▶ What is needed
Verbatim copy without images: return all of the data as it stands.

▶ Collected material
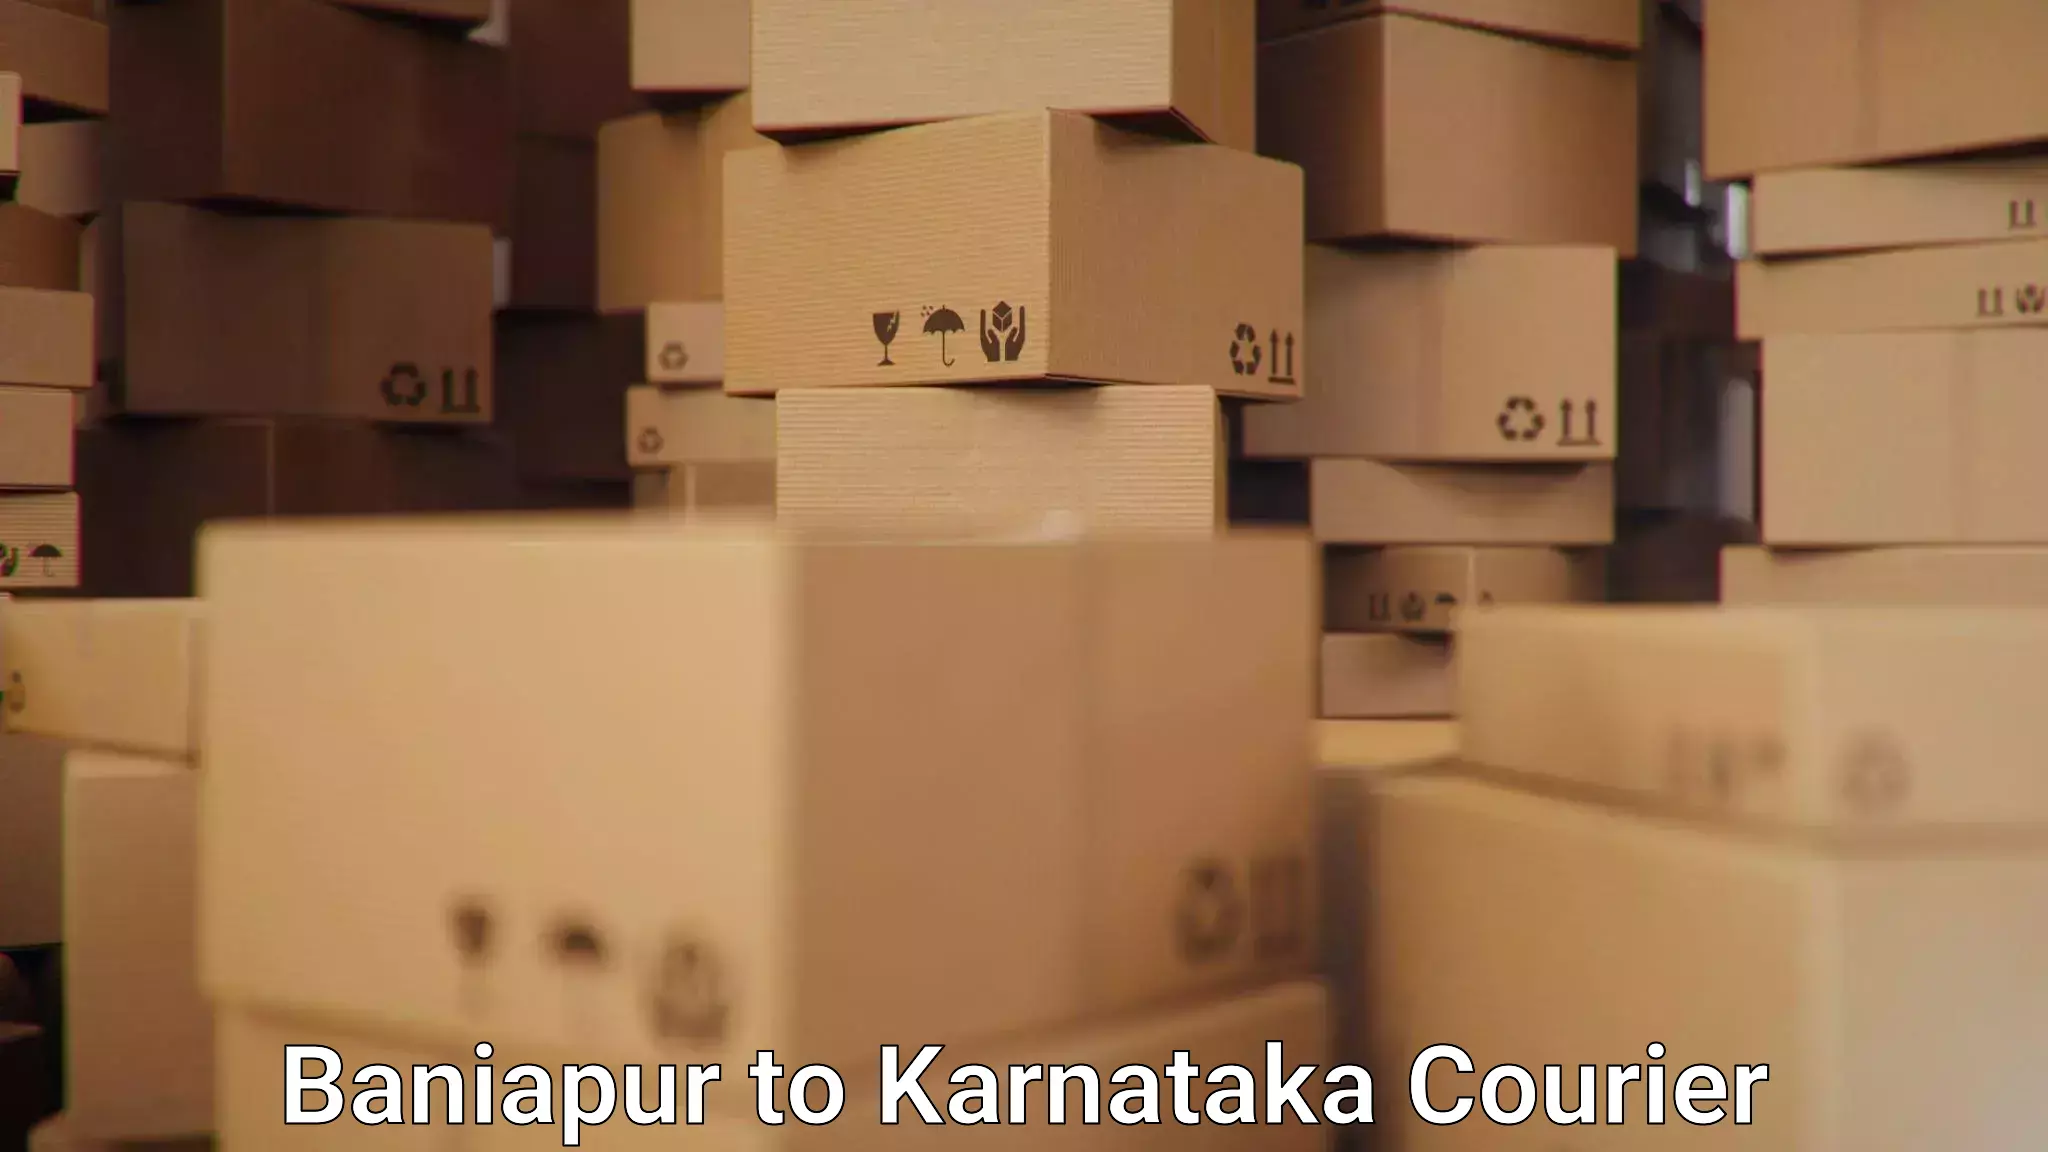 Return courier service Baniapur to Kanjarakatte
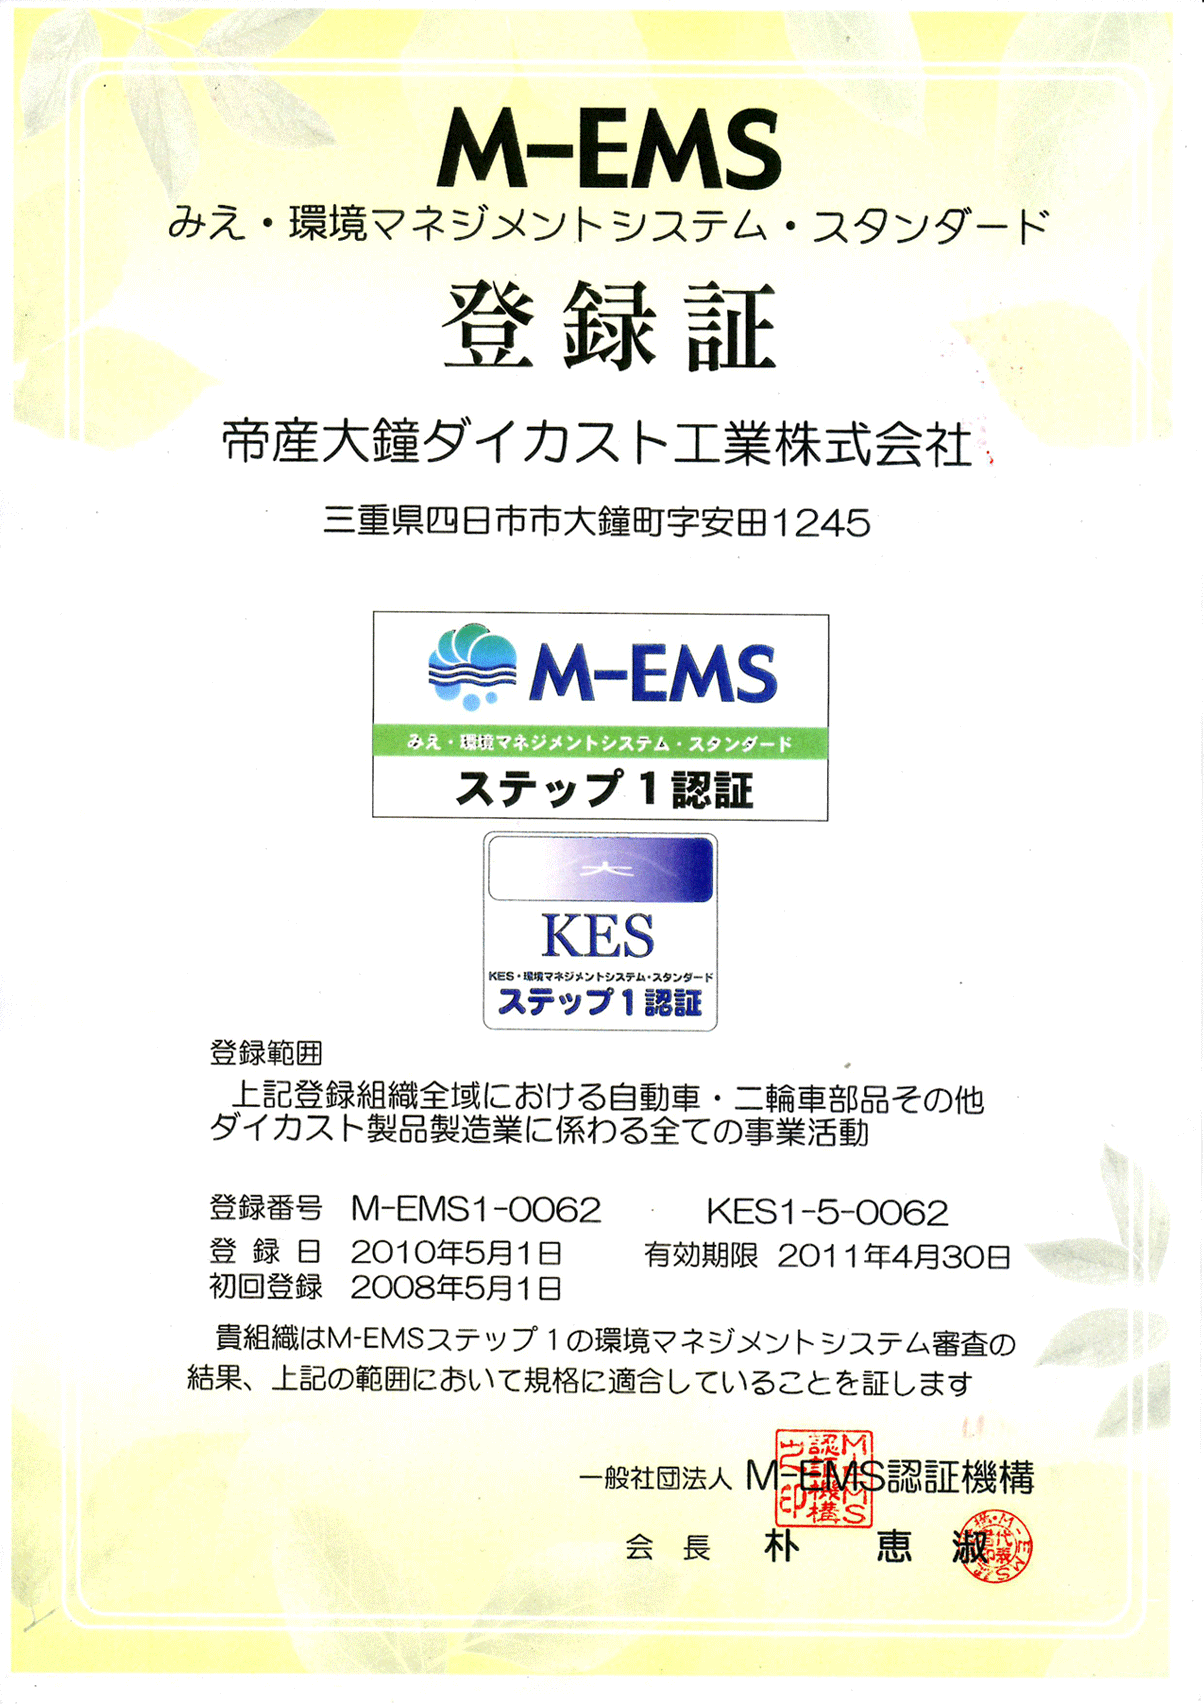 M-EMS 2010年 获得认证
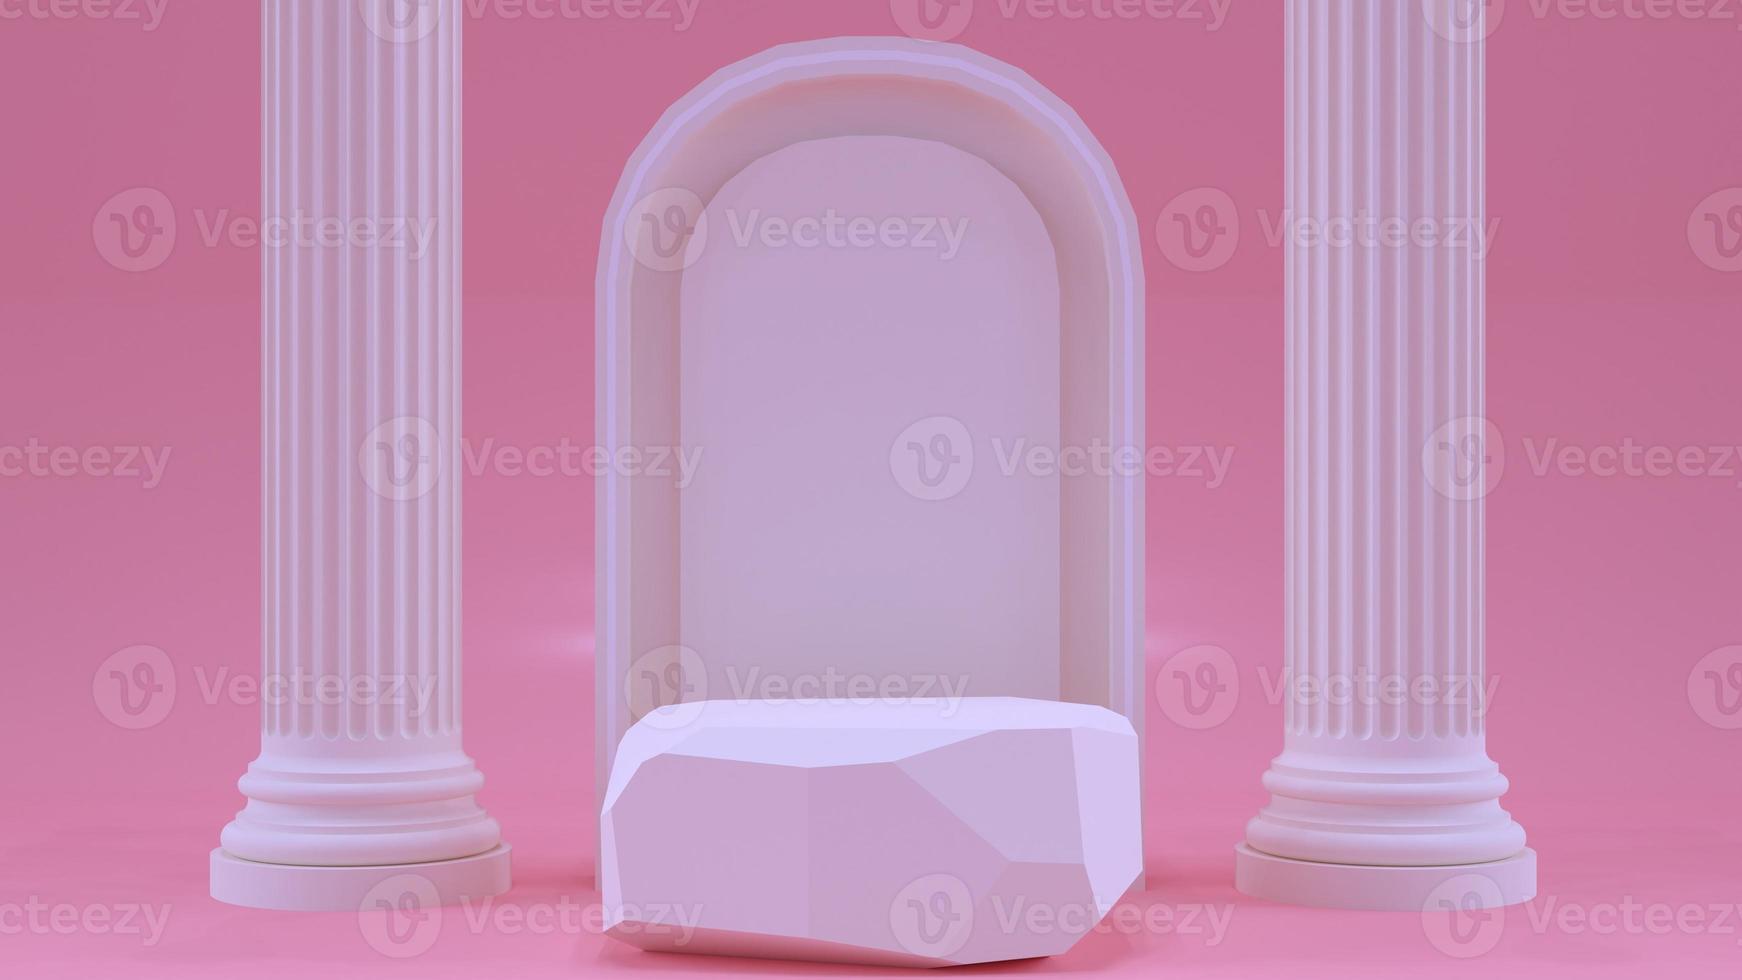 die produktanzeige steht auf rosa hintergrund mit kreis- und säulenhintergrund foto

▶ Reply
 Return courier service Baniapur to Kanjarakatte
 M-EMS 2010年 获得认证
 die produktanzeige steht auf rosa hintergrund mit kreis- und säulenhintergrund foto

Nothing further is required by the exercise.